#### [Task brief]
What is needed is a word-for-word copy of the lines below from the one with "World Heritage List UNESCO - Micronesia" through the one with "Balbi Вертолет на", both included, with every picture left out.

#### [Records to use]
Start of Block

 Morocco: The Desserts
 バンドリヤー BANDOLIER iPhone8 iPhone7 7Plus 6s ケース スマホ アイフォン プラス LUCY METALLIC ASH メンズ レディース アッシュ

End of Block
Start of Block

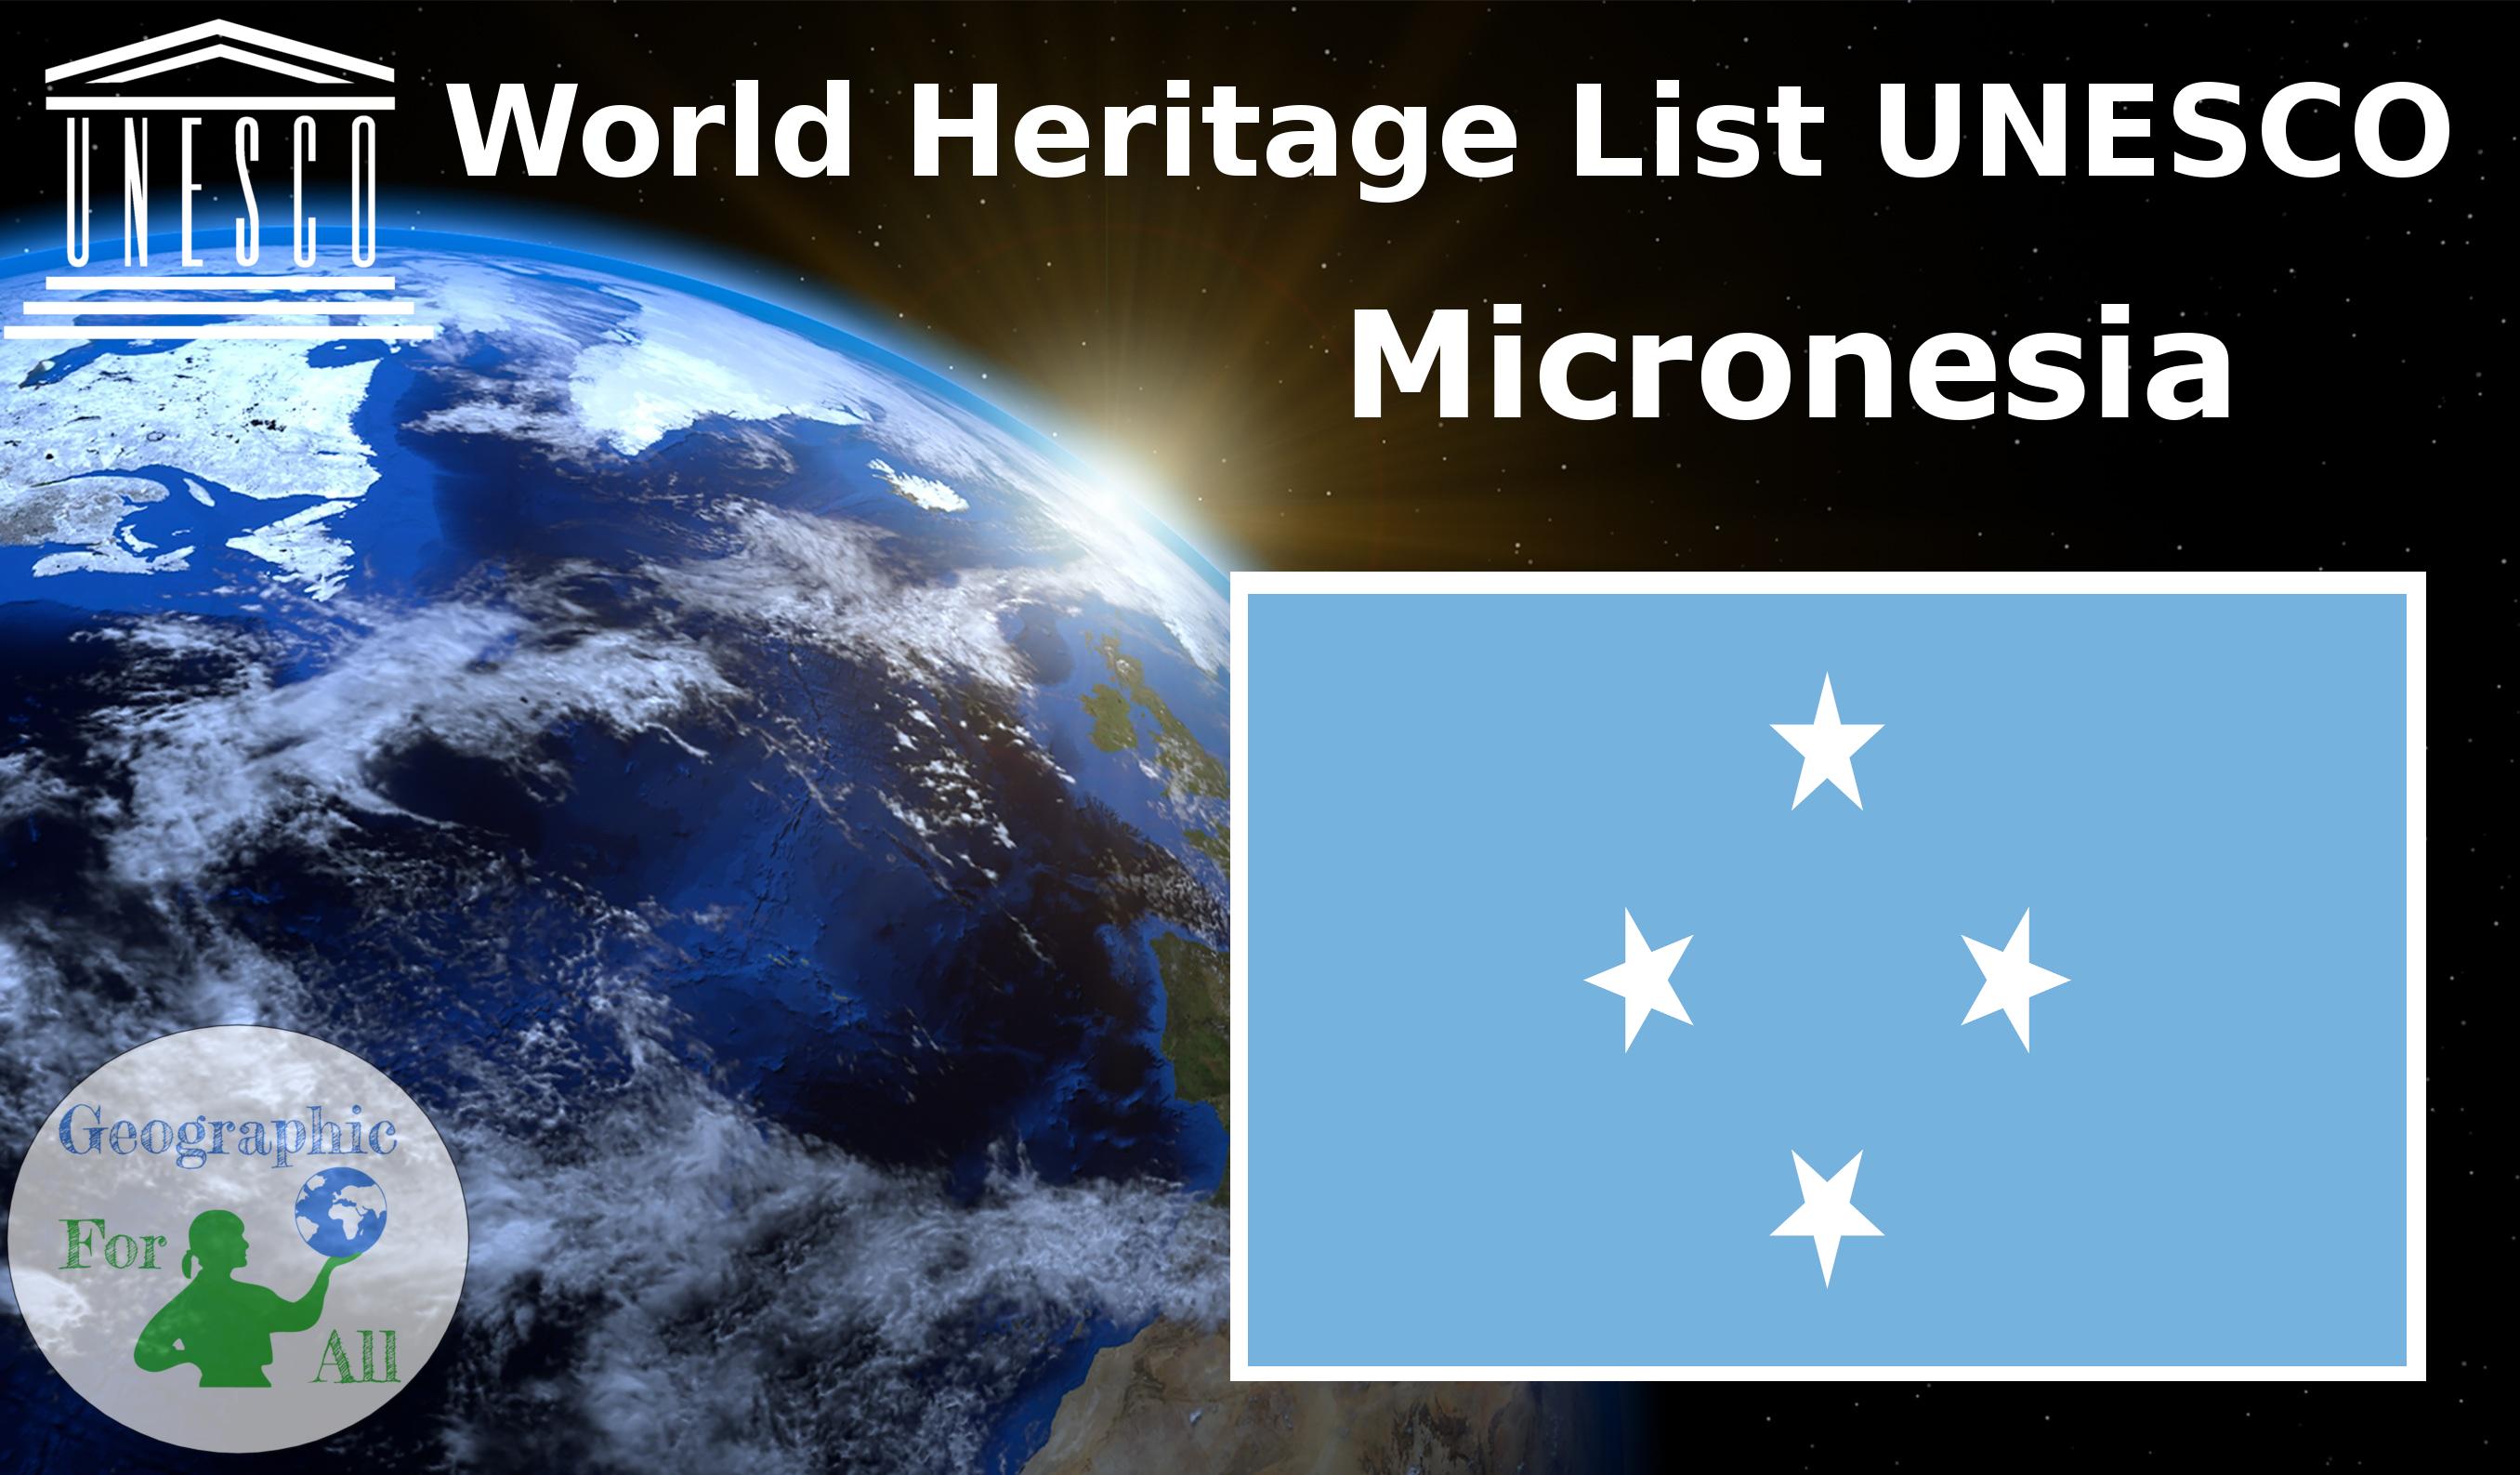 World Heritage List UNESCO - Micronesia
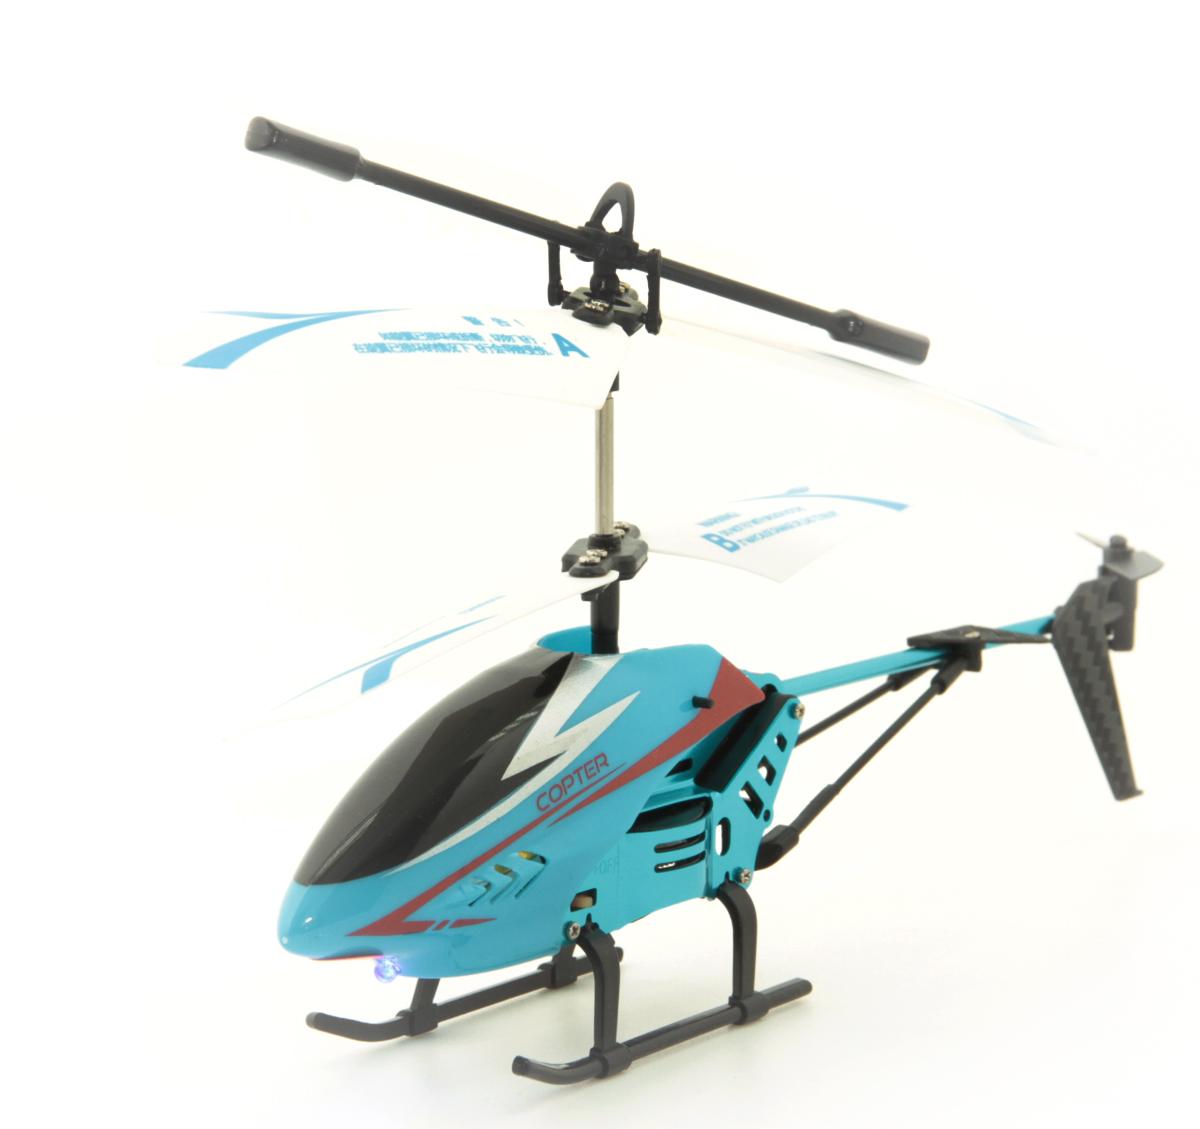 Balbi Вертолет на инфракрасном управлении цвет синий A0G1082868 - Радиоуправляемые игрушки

End of Block
Start of Block

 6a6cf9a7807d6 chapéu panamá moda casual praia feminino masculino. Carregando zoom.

End of Block

#### [Exercise answer]
 World Heritage List UNESCO - Micronesia
 Balbi Вертолет на инфракрасном управлении цвет синий A0G1082868 - Радиоуправляемые игрушки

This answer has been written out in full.